Abercrombie & Fitch was for the beautiful people-young men with chiseled torsos and women with flawless physiques. If you weren't sure if you fit the bill, Abercrombie & Fitch provided you with examples in the form of massive photograph displays, the A&F catalog magazine, and in-store models who grooved to blaring music. In terms of clothing, the brand pushed the limits of decorum. Women's skirts barely covered rear ends and men's T-shirts featured frat boy jokes. And yet through all this controversy, Abercrombie's "we don't give a shit" attitude prevailed.

By 2000, Abercrombie & Fitch was one of the most popular brands in the country, edging out the likes of Levi's. In 2005 the company netted more than $2 billion in sales across its four different brands (abercrombie kids, Hollister Co., and Ruehl No. 925). Then the music stopped. And dancing alone in a pair of ripped jeans and no shirt was Abercrombie & Fitch.

(Full disclosure: That's about when they hired me.)

Shoppers were buying clothing online. Brands like American Eagle and Old Navy catered to the less-than-perfect-looking shopper with smaller wallets. The age of exclusivity was also over. Social networks like Facebook and Twitter were bringing people together in ways never thought possible.

Today the company is in shambles. It plans on shuttering 180 stores by 2015. Its stock plummeted 18 percent in August.

Leading up to the release of the the FOX GRAPHIC TEE-an "online exclusive" that came out weeks after the Ylvis buzz had died down-Abercrombie & Fitch released its own YouTube parody of "The Fox."



"The fox says 'nobody shops at Abercrombie anymore,'" one anonymous YouTube user commented.

Abercrombie & Fitch has become the things it once despised: pathetic and ugly. The hot young models have been replaced with lawyers defending the company against discrimination lawsuits and a truly scary looking CEO.

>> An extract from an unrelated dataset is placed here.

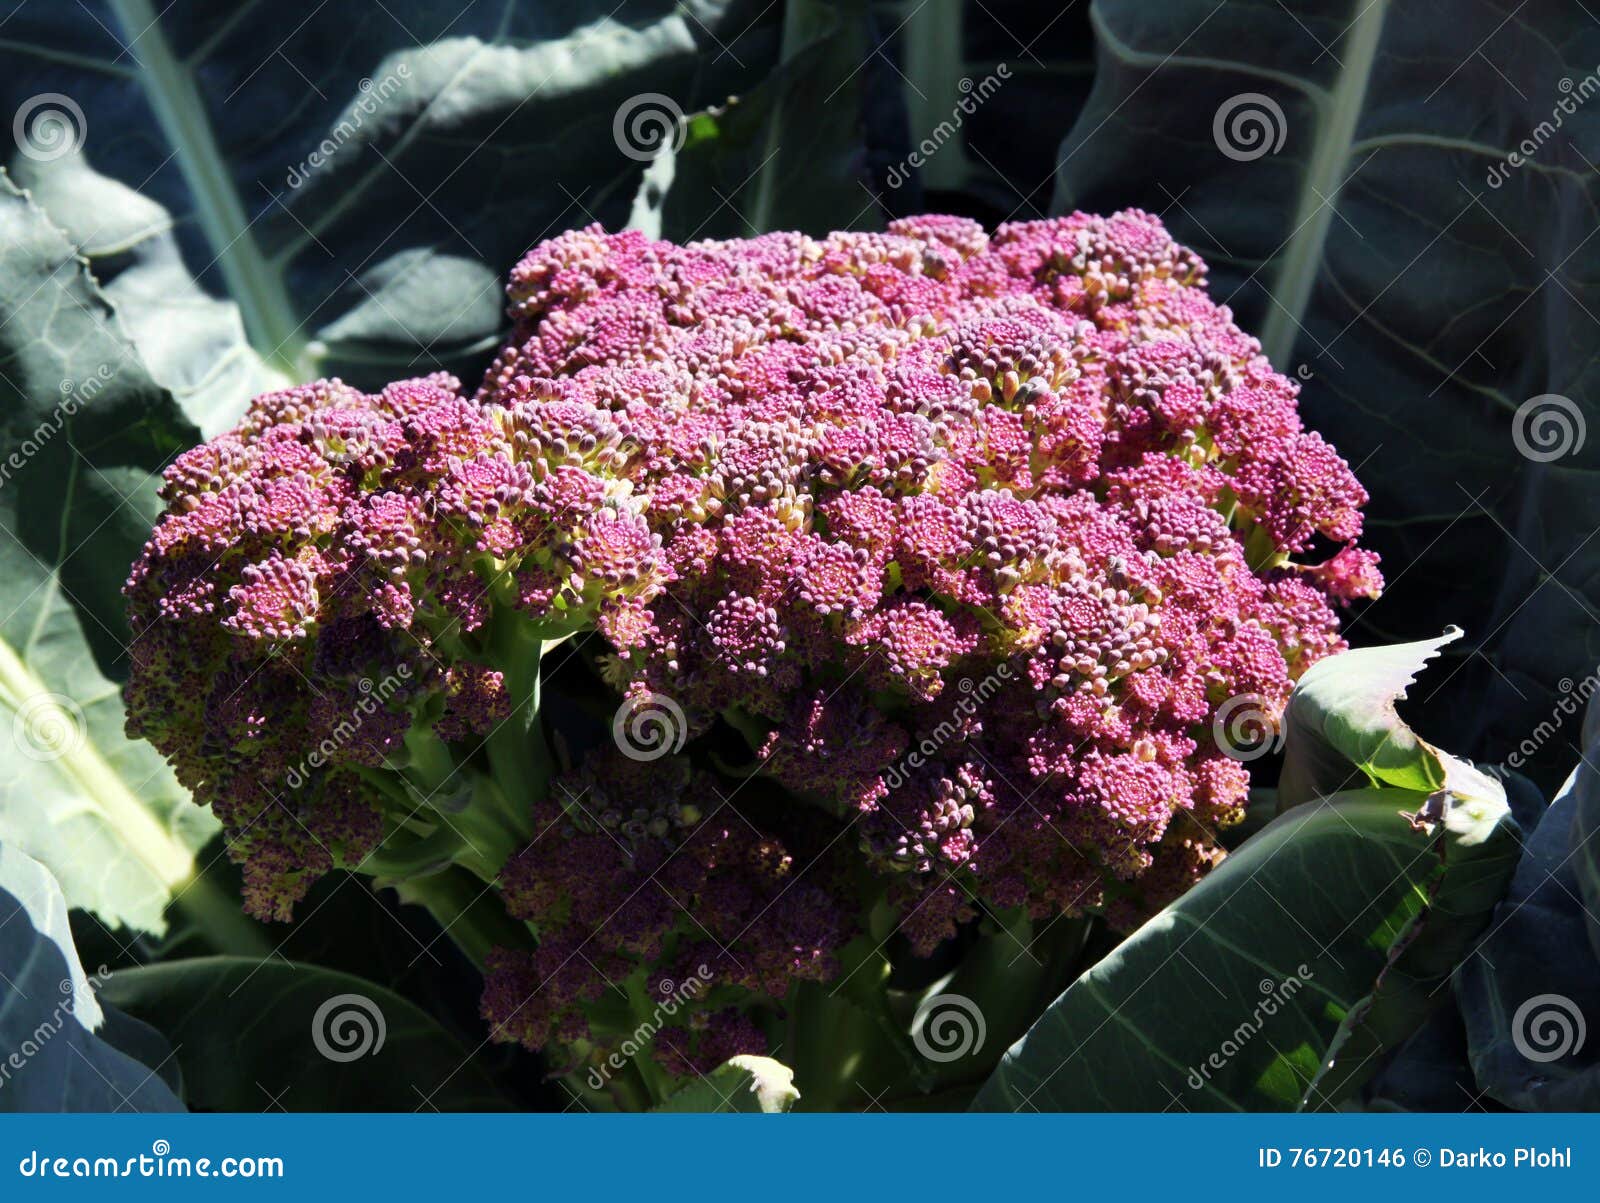 violetta di sicilia cauliflower

This past weekend, I visited one of its stores in Lexington for the first time in over a year. Sales signs were posted everywhere and clothing overflowed onto the floor. In the back corner of the store was a shelf stacked with simple shirts featuring the Internet's favoriteacronyms, like NSFW (not safe for work) and SMH (shaking my head).

abercrombiefox4

Screenshot/Abercrombie & Fitch

This shirt in particular summed up my entire experience. And maybe much more.